Therapy of renal cell carcinoma with interleukin-2 and lymphokine-activated killer cells: phase II experience with a hybrid bolus and continuous infusion interleukin-2 regimen.

作者信息

Parkinson D R, Fisher R I, Rayner A A, Paietta E, Margolin K A, Weiss G R, Mier J W, Sznol M, Gaynor E R, Bar M H

机构信息

National Cancer Institute IL-2/LAK Extramural Working Group, National Cancer Institute, Bethesda, MD 20892.

出版信息

J Clin Oncol. 1990 Oct;8(10):1630-6. doi: 10.1200/JCO.1990.8.10.1630.

Abstract

Forty-seven patients with metastatic or unresectable renal cell carcinoma were treated with interleukin-2 (IL-2) and lymphokine-activated killer (LAK)-cell therapy, using a hybrid IL-2 regimen. IL-2 was administered initially by intravenous bolus (10(5) U/kg [Cetus Corp, Emeryville, CA] every 8 hours for 3 days) during the priming phase, and subsequently by continuous infusion (3 x 10(6) U/m2 for 6 days); during this second treatment period, in vitro-generated LAK cells were administered.

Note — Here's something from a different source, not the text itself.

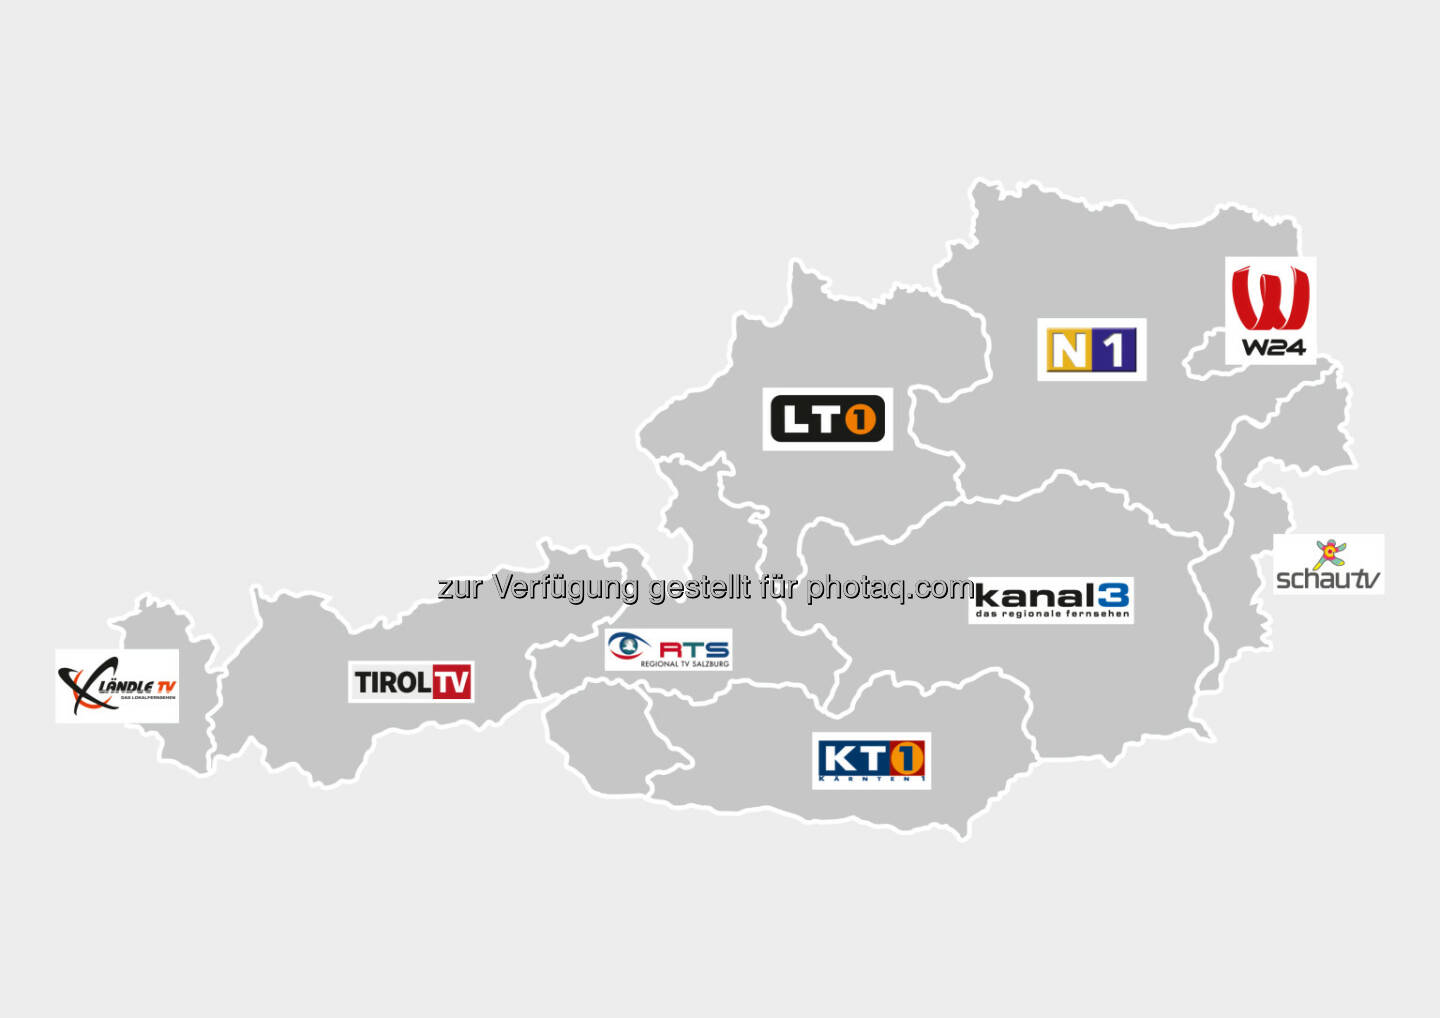 Grafik : R9 - die Regionalsender : Der Kanal R9 Österreich fasst mehrere lokale und regionale TV-Sender aus allen neun österreichischen Bundesländern unter einem Dach zusammen, darunter W24, Ländle TV, Tirol TV, RTS, LT1, KT1, Kanal3, SchauTV sowie N1 : Fotocredit: R9
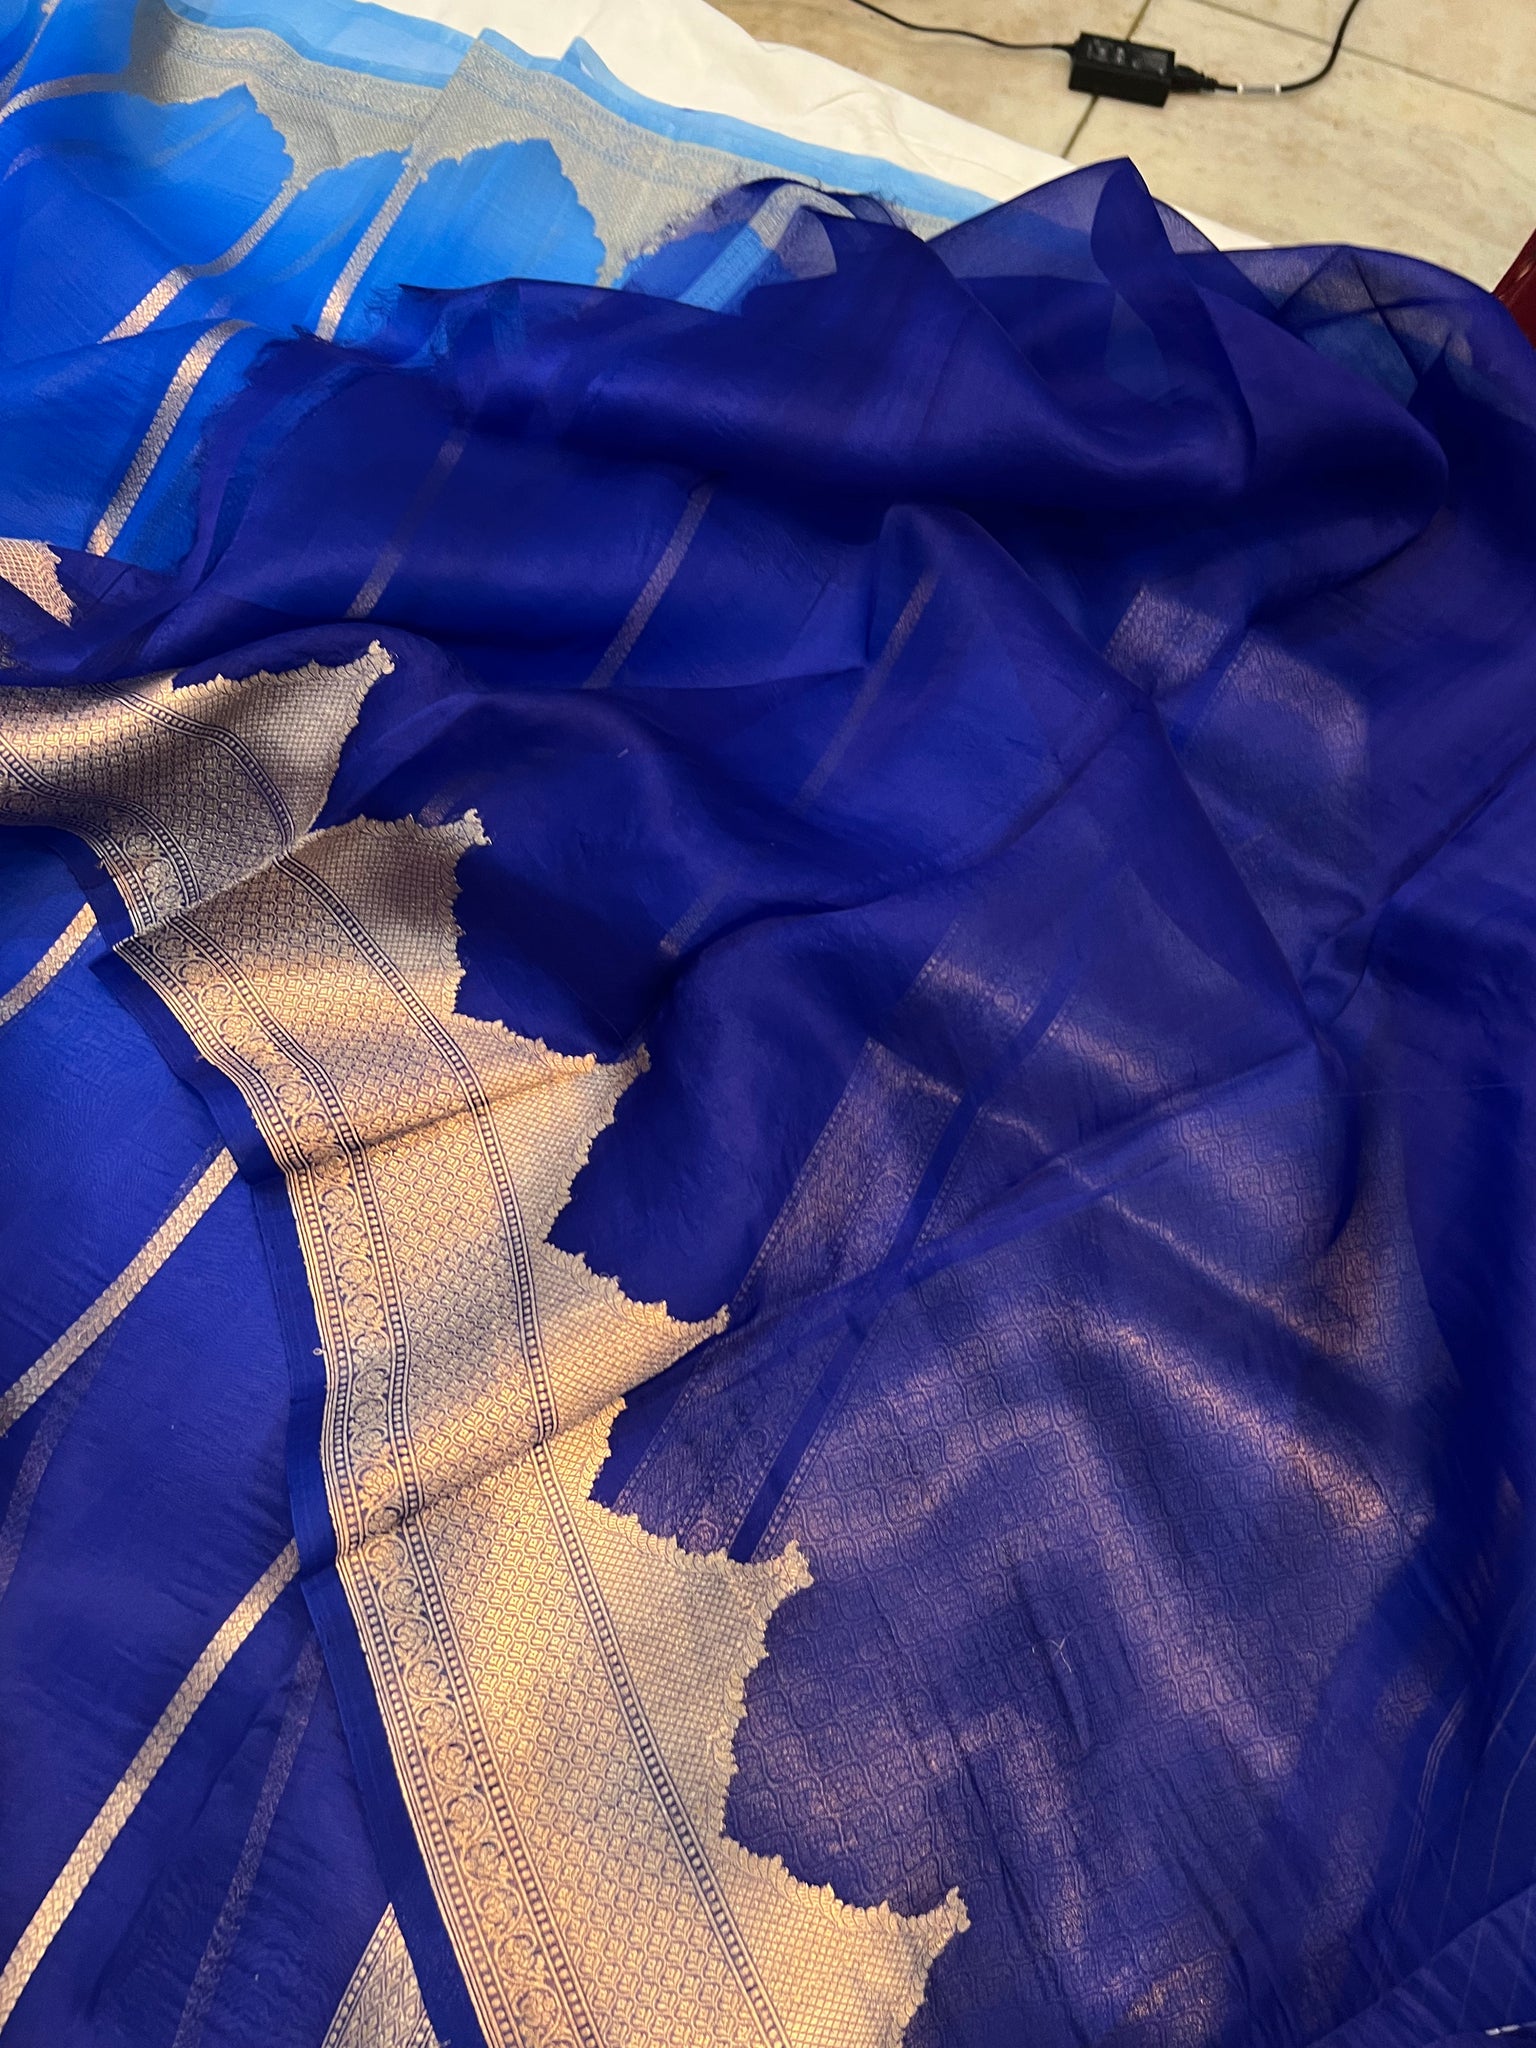 Buy Ek-Pal Checkered Daily Wear Silk Blend, Cotton Blend Light Blue Sarees  Online @ Best Price In India | Flipkart.com

Despite selection of patients for good performance status (PS) (29, PS 0; 18, PS 1) prior nephrectomy (43 of the 47 patients), and low tumor burden, the response rate was low (two complete [CRs] and two partial responses [PRs], for an overall objective response rate of 9%). Toxicity was comparable to that experienced with the high-dose bolus regimen. These results suggest that the dose and schedule of IL-2 administration may influence the likelihood of response to IL-2 in renal cell carcinoma.

摘要

47例转移性或不可切除的肾细胞癌患者采用混合白细胞介素-2(IL-2)方案,接受IL-2和淋巴因子激活的杀伤细胞(LAK细胞)治疗。在启动阶段,IL-2最初通过静脉推注给药(每8小时10⁵ U/kg [Cetus公司,加利福尼亚州埃默里维尔],共3天),随后通过持续输注给药(3×10⁶ U/m²,共6天);在第二个治疗期,给予体外培养生成的LAK细胞。尽管在术前选择了身体状况良好(PS)的患者(47例患者中的29例PS为0;18例PS为1)且肿瘤负荷较低,但缓解率较低(2例完全缓解[CR]和2例部分缓解[PR],总客观缓解率为9%)。毒性与高剂量推注方案相当。这些结果表明,IL-2给药的剂量和方案可能会影响肾细胞癌对IL-2反应的可能性。